Millonarios estaba cansado de no ganar títulos desde el año 78 y seguía en la labor de armar plantillas muy fuertes pero que en varias temporadas se quedaron con el grito del título en la boca. Y ganaba y jugaba bien ese Millonarios. Mucho más explosivo, tenía otro estilo que el del verde.
Y fue un partido en El Campín el que empezó a desatar todo ese duelo entre ambos, a veces mal entendido y llevado a esquinas judiciales y a noticias de baranda por cuenta de las provocaciones y la violencia. Millonarios ganaba 2-0 y le daba un tremendo repaso al verde, imposible de hallarse ante la superioridad azul. Pero en el segundo tiempo las cartas se barajaron distinto. Nacional, como aquel preso que empieza a cavar en la pared con una cuchara hasta encontrar la salida, tocó la pelota hasta el infinito y adormeció a Millonarios. Puso el 2-1 y el asunto se apretó feo. Ya Millonarios no dominaba nada y Nacional, sin tiempo pero con paciencia –una de esas claves que su escuela transmitió a la selección Colombia tiempo después y prueba de eso es el gol ante Alemania de Freddy Rincón, donde ya no existía tiempo ni para suspirar– taladraba de a pocos.

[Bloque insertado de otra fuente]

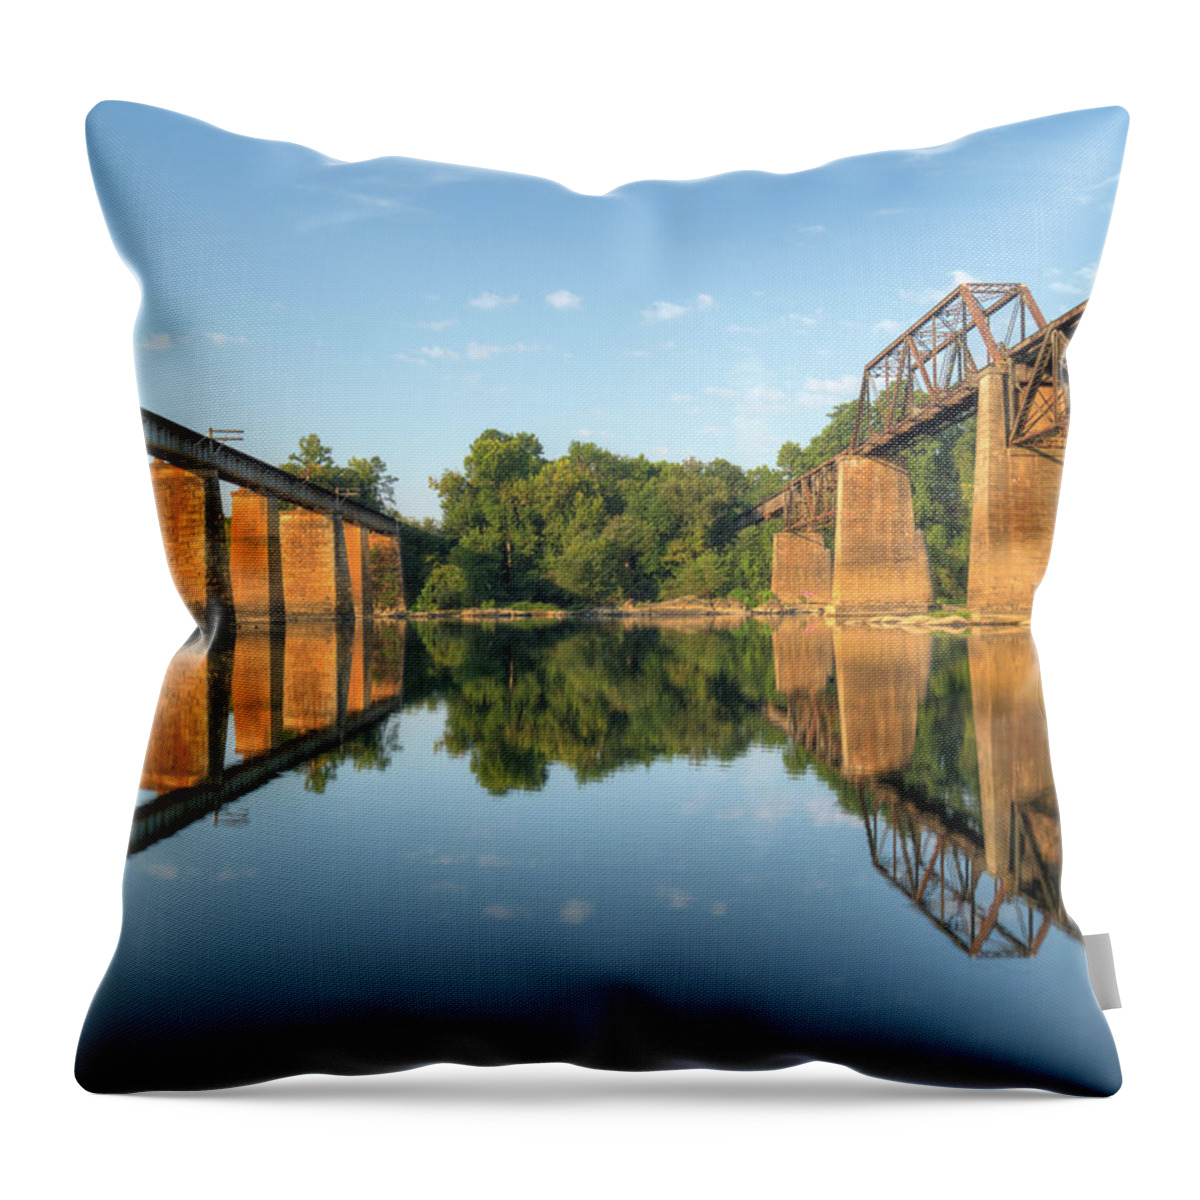 2010 Throw Pillow featuring the photograph Brickworks 14 by Charles Hite
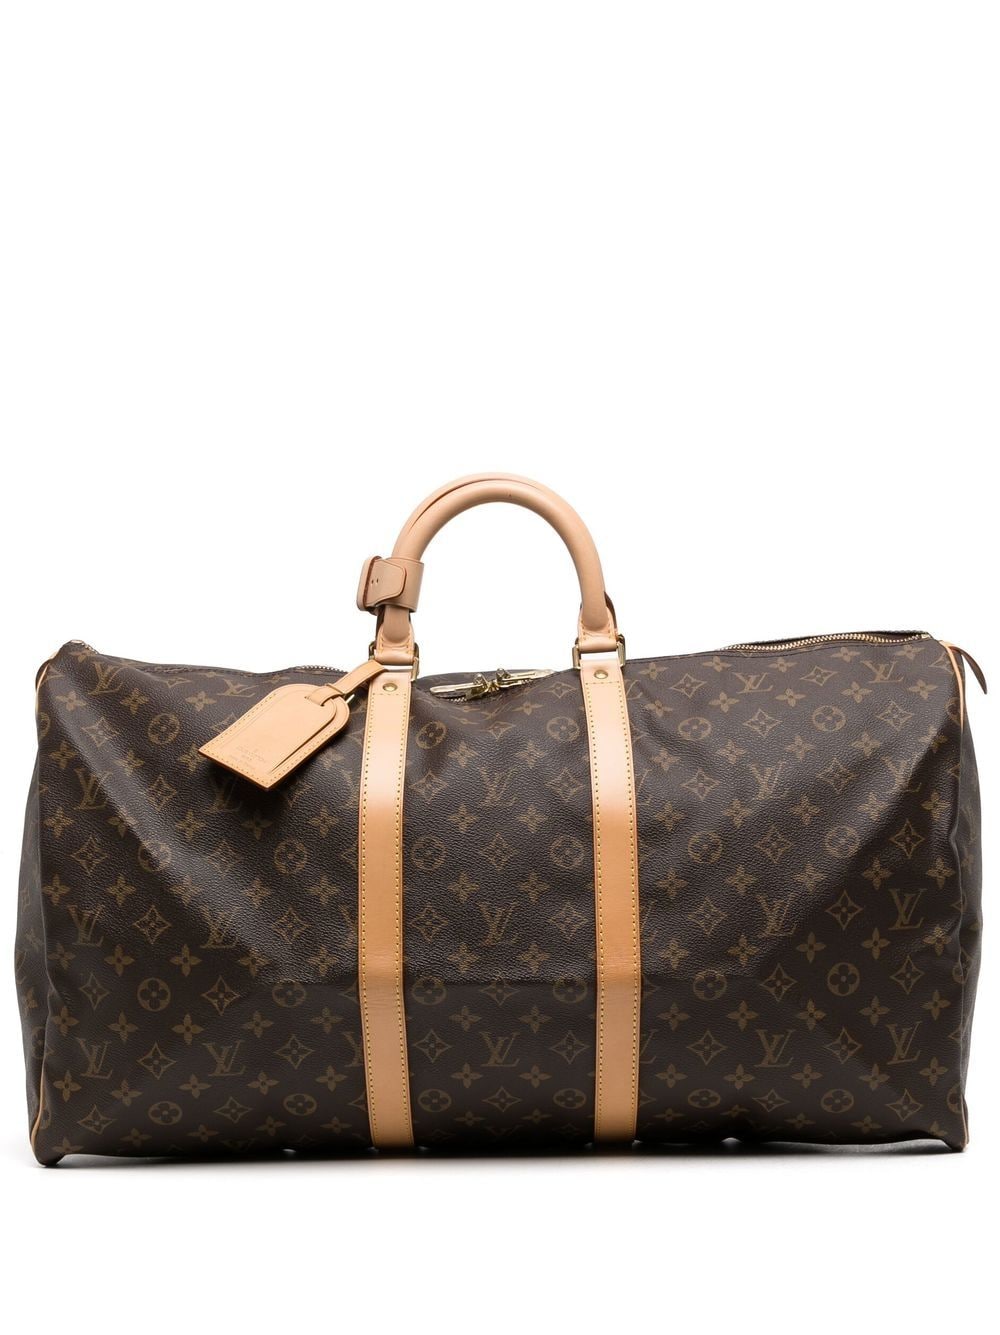 Louis Vuitton 1996 pre-owned Keepall 55 travel bag

En el minuto final un centro bombeado al área del siempre inseguro Rubén Cousillas terminó siendo el bofetón en la cara. El arquero argentino trató de encajonar la bola pero venía de frente Juan Jairo Galeano, listo a esperar un error que, en Cousillas, era casi un rito de cada jornada. El portero saltó por los aires y cuando parecía atenazar el balón, se le escurrió entre los dedos. Galeano se encargó de hacer el 2-2 y de desatar iras porque –y es de esas imágenes que no se borran de mi mente– Pimentel, terminado el partido, fue enfocado por las cámaras increpando a Cousillas por su falla. Luego, también en caliente, llegó la declaración de Pimentel sobre el “futbolito” de Maturana y sus hombres y ya no hubo regreso.
Desde ese tiempo me tocó vivir derrotas miserables, injustas, empates sosos y victorias celebradas con alegría. Porque en 1987 Millonarios-Nacional se convirtió en clásico.